While at first glance this might appear as a solely academic issue, as an applied economist I can see many times during my career that the tools would have been tremendously useful for naturally building in reproducibility and transparency into my team’s work as it:
- Makes collaboration easier;
- Allows the analysis to be quickly repeated with new assumptions and/or data; and
- It provides a more reliable way of recording what was done for archival purposes.
While this might still sound somewhat abstract, in the world of economic policy it’s not uncommon to be asked to repeat several iterations of politically sensitive analysis in a short-time frame.
Get it right and you can keep your job.
So what would I say to someone thinking of making the arduous journey to complete the specialization?
Well, firstly although parts of the specialization were disappointing, it’s a great overall program and I’ve learned much of what I was hoping to. I understand R, have a better sense for when meaningful insights can be gained from data outside of economics and have a better feel for how analysis can be made interactive and accessible to a wider audience.
The course is also a bargain, costing less than five percent of the tuition of a comparable 6-month course at University.
Of course, it also seems that the JHU Data Science specialization has been largely abandoned, with the world of online data science courses becoming more competitive in the meantime, with Harvard, Berkley, Microsoft and the University of Michigan all providing their own data science specializations both in R and Python.
As such, while I’m glad I endured through the 10-course JHU data science extravaganza, if I was going to do it now I’d be inclined to go with one of the competitors.
This is both because I would place my bets on the competing options having learned from the strengths of the JHU course, while dropping its weaknesses.
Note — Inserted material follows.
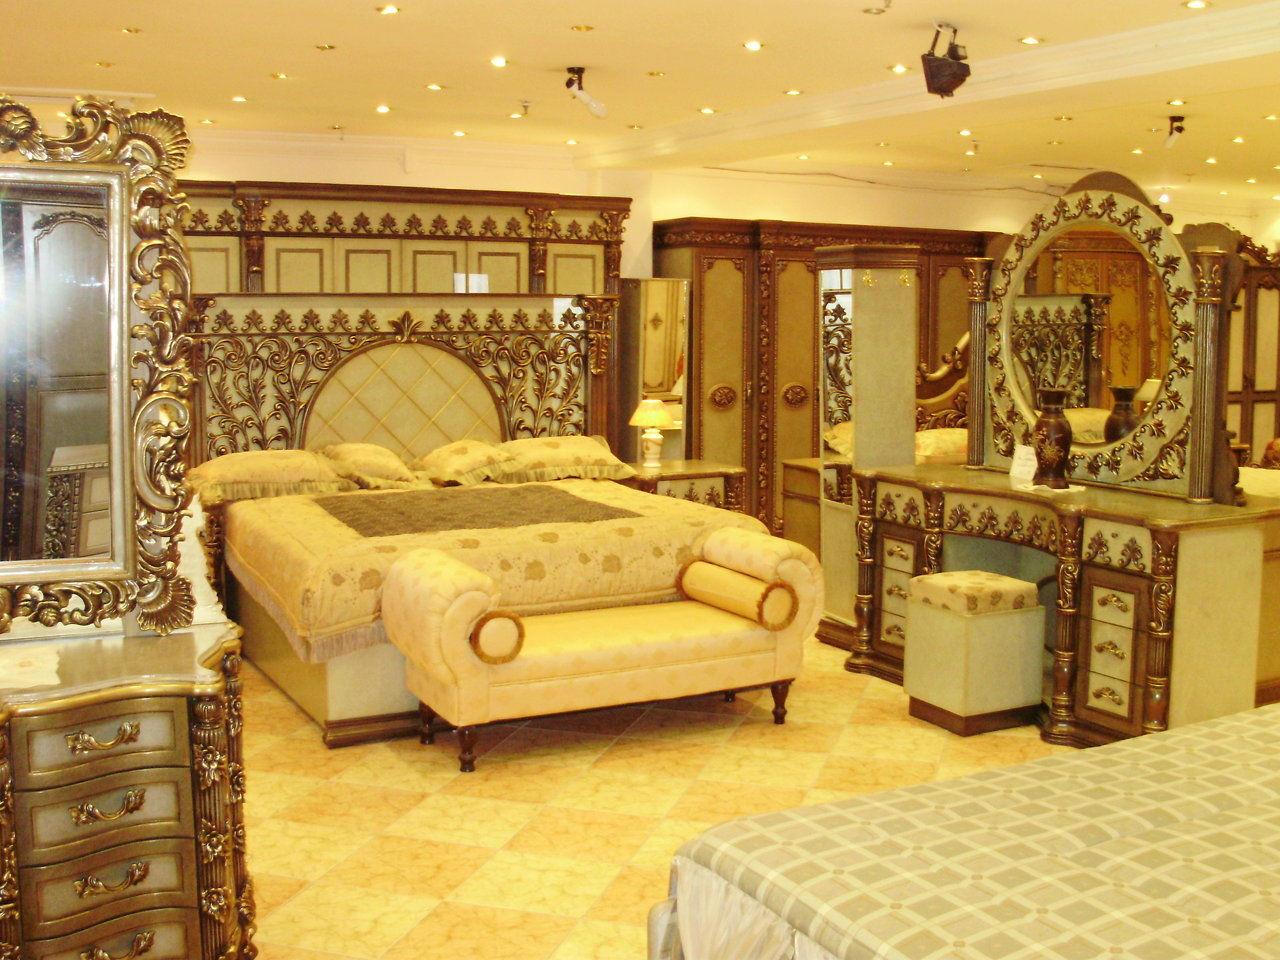 elegance furniture created by bangunjoyobedroomset based on

But also, because unless JHU updates their specialization its prestige and its power to signal the recipient’s determination will diminish over time.
Of course, in the world of online learning it doesn’t have to be all or nothing – pick one, pick two or decide to prioritize your social life by picking none of them, whatever you choose it’s a great time to conquer your fear of data.
I’m looking at you Darren.
- Getting and Cleaning Data – Learn how to get data into R and make it useful for analysis.
- Exploratory Data Analysis – Make graphs with different plotting systems and be given a brief and unsatisfying crash course on PCA.
- Reproducible Research – Learn what the ‘create R markdown’ document option means in Rstudio and the philosophy of reproducible research.
- Regression Models – Be gently introduced to linear regression through a series of intuitive lectures before being rushed through the more complicated logistic and poison regression in the final week.
- Practical Machine Learning – Learn the basics of machine learning models.
- Developing Data Products – Briefly learn about some of the coolest parts of R such as creating interactive dashboards for the web.
- R Programming – Learn the essentials of R and lose sleep while writing functions needed to complete the assignments. Bonus: Watch a large proportion of the class drop out.
- Statistical Inference – Be quickly rushed through essential statistical concepts with insufficient explanation. Bonus: Watch a large proportion of the class drop out.
- Capstone Project – Be given minimal instructions about solving a problem which will likely be useful for 0.5 per cent of R users during their career.
- The Data Scientist’s Toolbox – Install R, Rstudio and set up a github account.